# Exercise Solutions

These are some solutions to the exercises in Workshop_5, these are not the only way to solve the exercises but are more intended as guide. 
***
1. Can we use a different backbone? Some very simple changes would be to try a larger ResNet, the number 18 in the one we have used refers to the number of layers but there are versions with 34, 50, 101 and 152 layers. Have a look at the cell defining the model, specifically the lines:
- `from torchvision.models import resnet18, resnet`
- `self.backbone = nn.Sequential(*list(resnet18(weights=resnet.ResNet18_Weights.DEFAULT).children())[:-1])`

In [None]:
# 1. SOLUTION
# IN the CVModel definition we just need to import and change the resnet number to load a larger model.

import torch
from torch import nn
from torchvision.models import resnet34, resnet

class CVModel(nn.Module):

    def __init__(self, n_classes):
        super().__init__()
        self.backbone = nn.Sequential(*list(resnet34(weights=resnet.ResNet34_Weights.DEFAULT).children())[:-1])
        self.flatten = nn.Flatten(start_dim=1)
        self.classifier = nn.Linear(512, n_classes)

    def forward(self, x):
        x = self.backbone(x)
        x = self.flatten(x)
        return self.classifier(x)
        

model = CVModel(n_classes=3)

***
2. We have evaluated the model on the validation set and returned an overall accuracy score but does this represent the best way to validate the performance of the model? Is there any other metrics we could calculate on this dataset?

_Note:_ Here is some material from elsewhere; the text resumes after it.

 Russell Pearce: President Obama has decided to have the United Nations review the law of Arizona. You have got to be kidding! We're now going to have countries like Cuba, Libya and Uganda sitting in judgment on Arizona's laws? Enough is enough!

Use this code to obtain all predictions and labels for the validation set and think about what else you could calculate:
```python
preds = []
labels = []
for x, y in val_dl:
    logits, softmax, argmax = predict(model, x)
    preds.extend(argmax.tolist())
    labels.extend(y.tolist())
```

In [None]:
# 2. Solution
# We could look at the precision and recall for each class given the above
from sklearn.metrics import classification_report

print(classification_report(labels, preds))

***
3. What happens if the normalization steps are removed from the transform pipeline, how does this affect the values of `x` in the batches from the training dataloader? How does this affect the model training?

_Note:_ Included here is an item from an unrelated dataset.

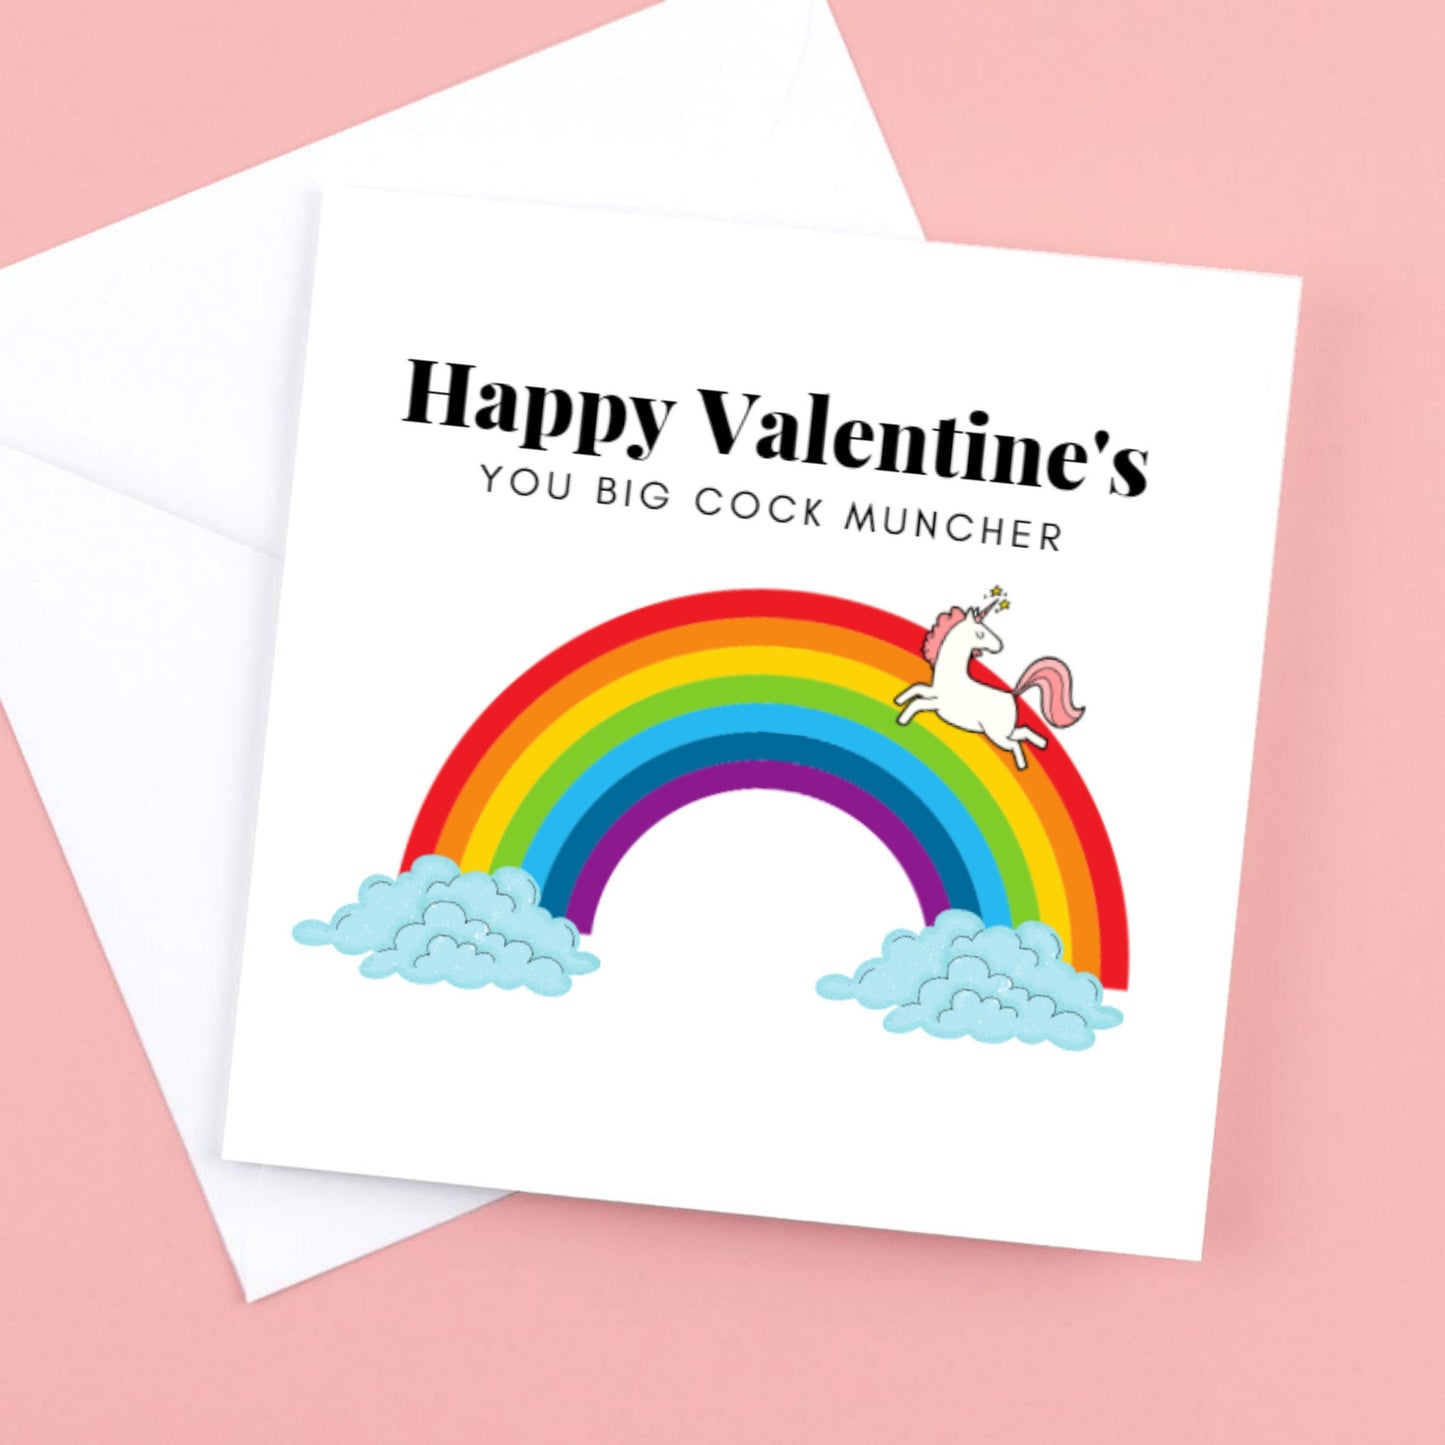 Funny Valentines Unicorn Card, "Happy Valentines you big cock muncher" with rainbow

To do this just comment out the `v2.Normalization` in the transform pipelines. You will likely find it affects the accuracy and that it goes but probably not by a huge amount, as we are finetuning the model the input layer weights are also being adapted during training so they should be able to compensate.

***
4. Are there any other transforms that could be added to the training transform pipeline - have a look [here](https://pytorch.org/vision/stable/transforms.html#v2-api-reference-recommended) and try a few!

Really this one can be any that you find interesting. Just add them to the following cell in the notebook:
```python
from torchvision.transforms import v2

train_transforms = v2.Compose(
    [
        SquareImage(),
        v2.Resize(224),
        v2.RandomHorizontalFlip(),
        v2.ToImageTensor(),
        v2.ConvertImageDtype(),
        v2.Normalize(mean=[0.485, 0.456, 0.406], std=[0.229, 0.224, 0.225])
    ]
)

val_transforms = v2.Compose(
    [
        SquareImage(),
        v2.Resize(224),
        v2.ToImageTensor(),
        v2.ConvertImageDtype(),
        v2.Normalize(mean=[0.485, 0.456, 0.406], std=[0.229, 0.224, 0.225])
    ]
)
```



***
5. When we use the pretrained model we are 'cheating' a little bit - it has been trained on ImageNet and the image net dataset includes many animals including dogs and cats so the model actually already knows how to extract features. What happens if we don't use a pretrained model, take a look at this line in the model definition and modify it so we start with a completely fresh model:
- `self.backbone = nn.Sequential(*list(resnet18(weights=resnet.ResNet18_Weights.DEFAULT).children())[:-1])`

How does this change the accuracy achieved in 5 epochs?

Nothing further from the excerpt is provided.